Debt Without Depth: Legal Design, Regulatory Fragmentation, and Enforcement Gaps
SECURITIES LAW
Vaibhav Singh Tiwari and Yash Sharan
3/29/20268 min read


I. Introduction
The Indian financial structure has traditionally been biased in favour of bank-based credit, a structure that is becoming less consistent with the needs of long-term capital formation in a contemporary economy. Under-utilisation of the corporate bond market, which is still shallow and lacks a diverse range of investor participation, is a regulatory consequence of this structural imbalance. It is in the view of this structural inadequacy that the 2025 report by NITI Aayog, Deepening the Corporate Bond Market in India (“Report”), is a landmark policy initiative that warrants a more thorough legal analysis of the securities and financial regulatory landscape in India.
The Securities and Exchange Board of India (“SEBI”) has the mandate to guard investor interests under the SEBI Act, 1992 and regulate securities markets under the SEBI (Issue and Listing of Non-Convertible Securities) Regulations, 2021 are aimed at facilitating corporate debt issuance. However, market depth has been hampered by the still prevailing predisposition of private placements under Section 42 of the Companies Act, 2013 as well as the high level of disclosure and compliance asymmetries between equity and debt. Besides, the same regulatory supervision by SEBI, the Reserve Bank of India (“RBI”), and the Ministry of Corporate Affairs has led to fragmented supervision, a factor that the Supreme Court of India (“SC”) has also cautioned in RBI v. Peerless General Finance about the ambiguity of regulations in financial governance. It is against this background that the proposal by NITI Aayog to expand the corporate bond market to 100-120 lakh crore by 2030 raises fundamental concerns about whether the current statutory framework can support a mature, liquid, and inclusive debt market.
This blog delves into the intricacies of the Report in three major parts.
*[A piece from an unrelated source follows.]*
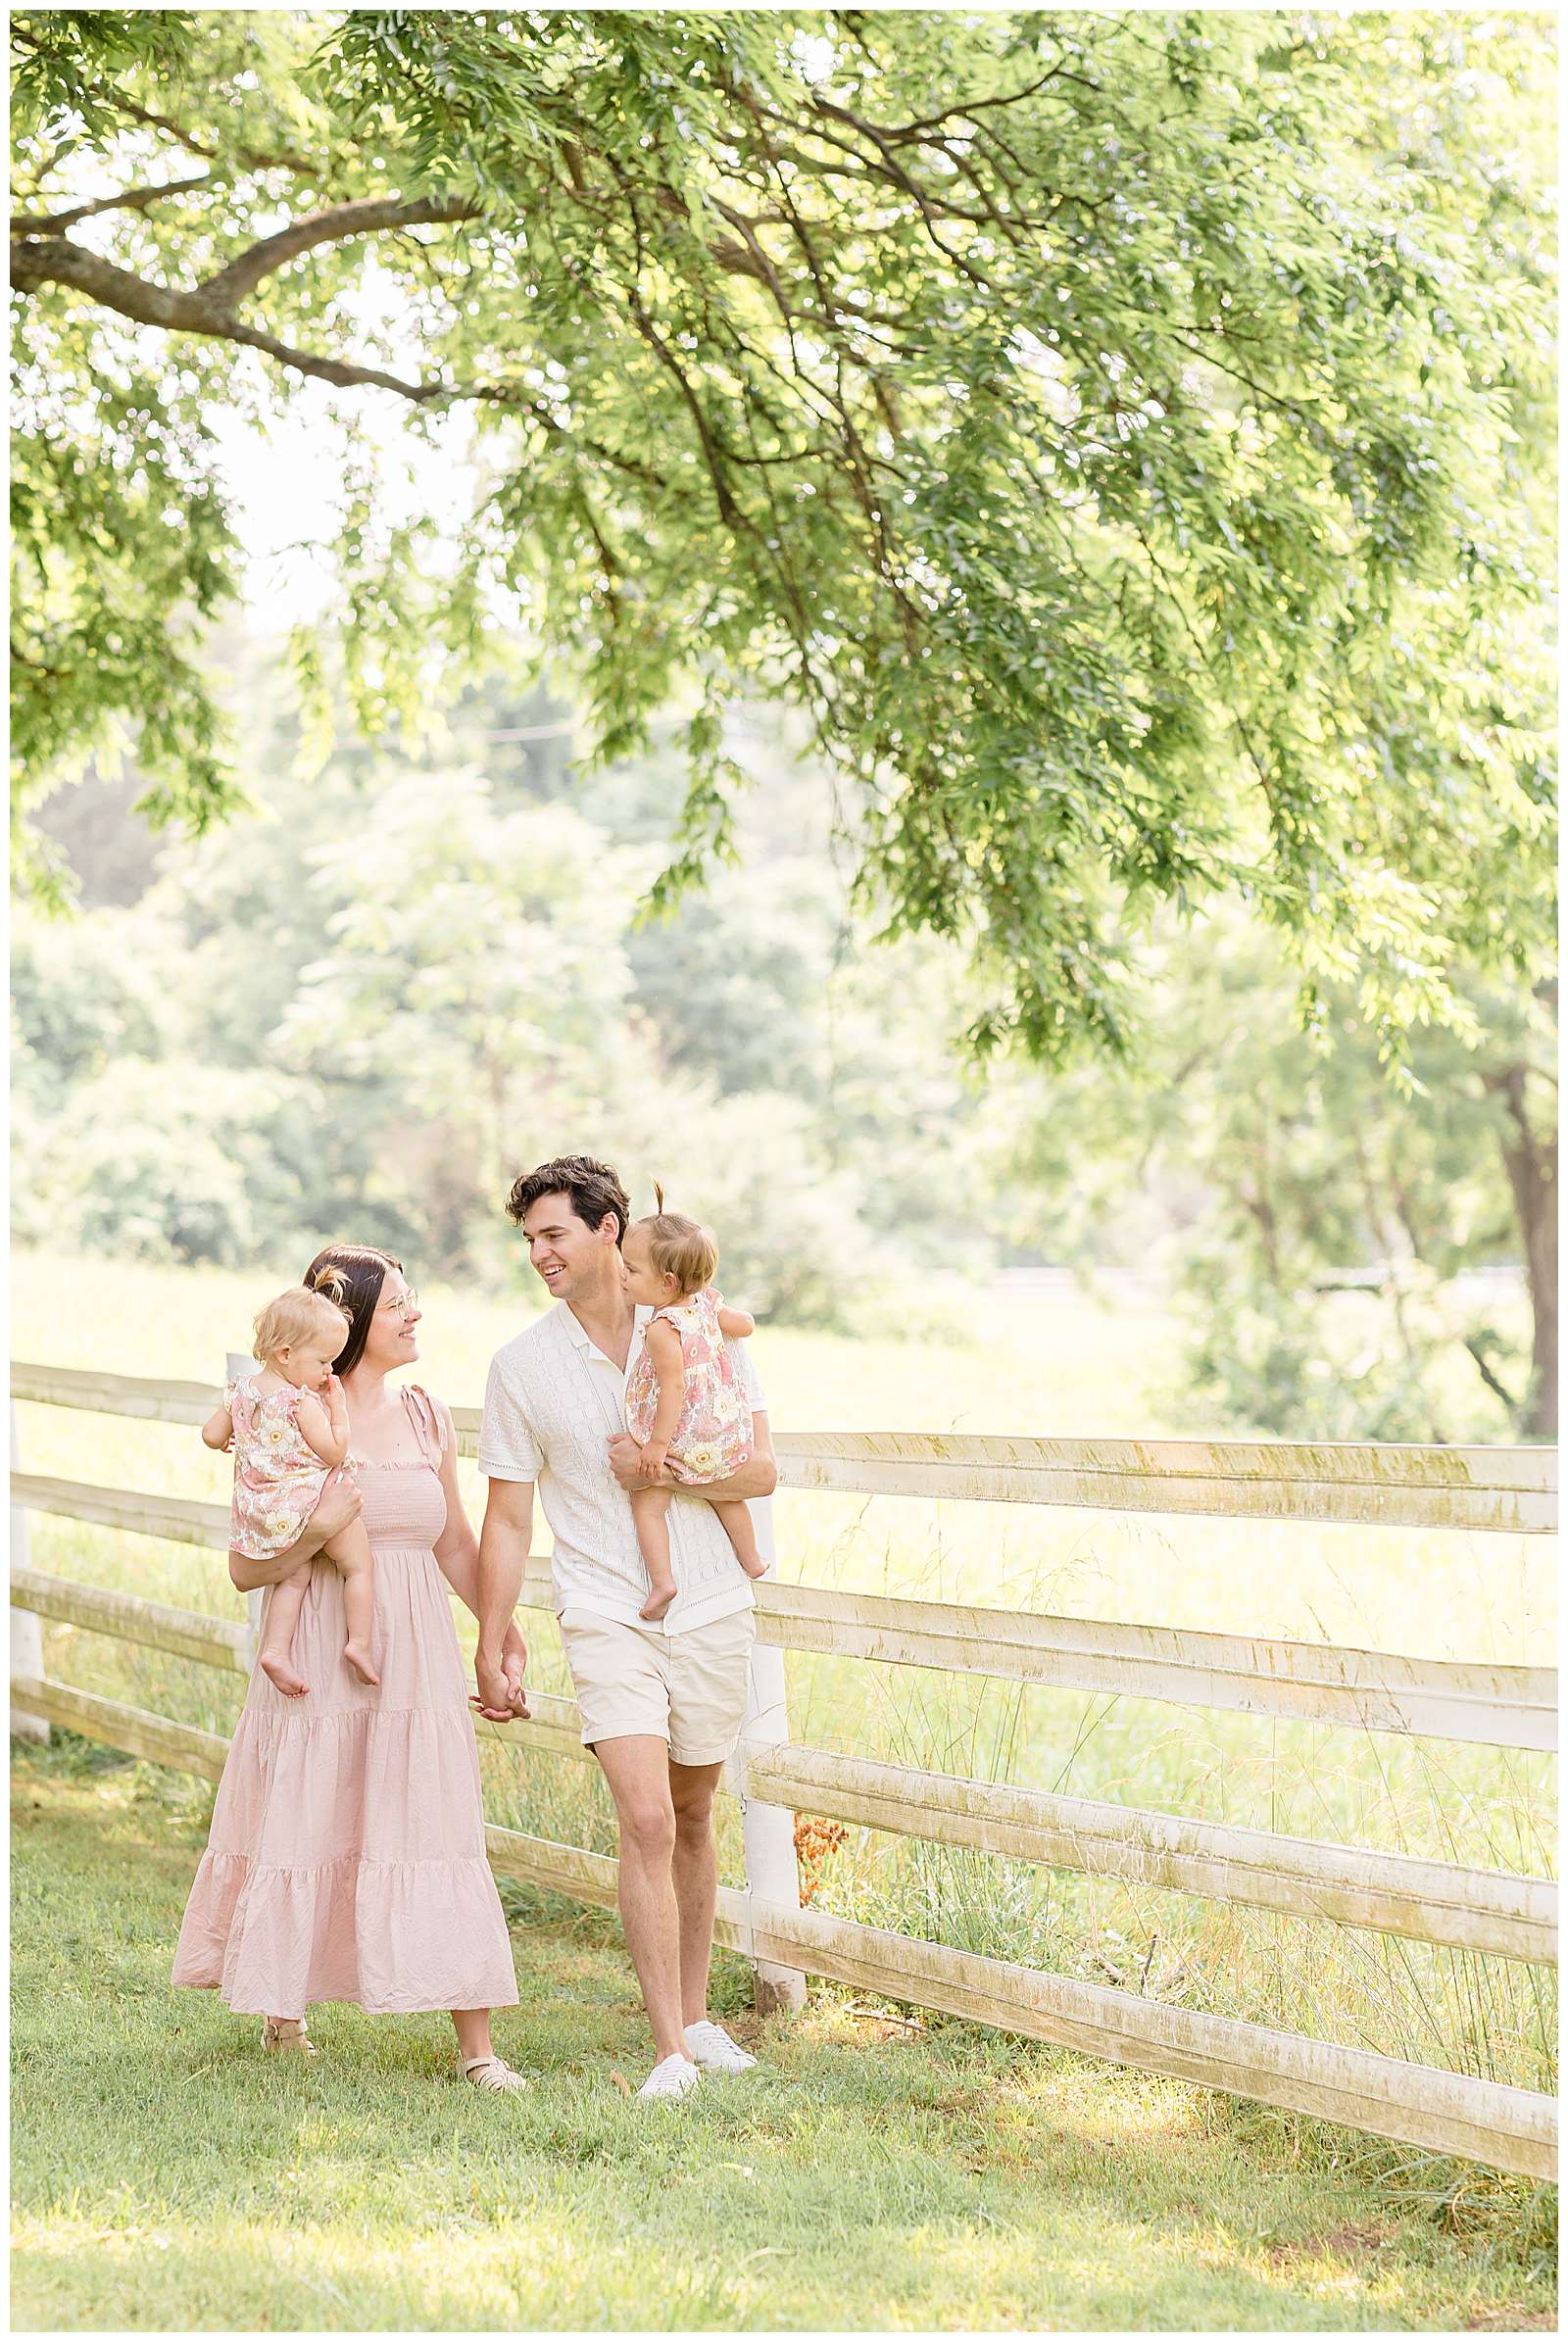 Mom and Dad hold hands and look at each other as they each hold their 1 year old twin daughters and walk along a white fence link surrounded by green grass and trees in Nashville for their family portraits! Click to see more photography education from Rebecca Rice Photography on the blog today! -rebeccaricephoto.com

First, the piece analyses the major tenets of the Report. Second, it highlights the shortcomings and challenges of the report . Third, the article also puts forth plausible solutions to resolve these challenges and hurdles. The blog concludes with a probable way forward to resolve the roadblocks.
II. Capital Without Liquidity: The Silent Crisis in India's Corporate Debt Market
India’s capital market has witnessed asymmetric growth, with the equity market far outpacing the corporate bond market. India’s equity market capitalisation stands at more than 5 trillion dollars, while the outstanding corporate bond market remains significantly smaller, at approximately 627 billion dollars (“NISM, 2025 ”). Corporate bonds, defined as debt instruments issued by a corporation, both private and public, are a means to raise capital. The issuance of corporate bonds in India operates in a dual regulatory paradigm that seeks to facilitate capital formation while also safeguarding the investor’s interests. Historically, the Indian corporate bond market was governed by statutes, including the Companies Act, 2013, and SEBI (Issue and Listing of Debt Securities) Regulations, 2008. The enactment of the Securities and Exchange Board of India (Issue and Listing of Non-Convertible Securities) Regulations in 2021 marks a paradigm shift in the landscape of corporate bond issuance.
The private placement under Section 42 of the Companies Act, 2013, allows companies to offer debt securities to a “selected group” of investors, up to 200 as per the sub-section 2 of section 42 of the companies act with rule 14 (2) (b) of the Companies (Prospectus and Allotment of Securities) Rules, 2014, via a prescribed private offer. The public issuance of Non-Convertible Debentures (“NCDs”) is governed by the SEBI’s Issue and Listing of Non-Convertible Securities Regulations, 2021. Under these regulations, the issuer is required to submit an SEBI-approved offer document and secure an in-principle approval from a stock exchange prior to public issuance of the corporate bond.
While the corporate bond market has expanded, it still remains characterised by structural imbalances, particularly with nearly 98% reliance on private placements and a persistent lack of secondary market liquidity, reflecting the regulatory and disclosure burden of the public issue, which deters the issuers. As a result, the majority of debt is issued through privately negotiated issues to banks and mutual funds. Therefore, the retail investors have minimal access to corporate bonds.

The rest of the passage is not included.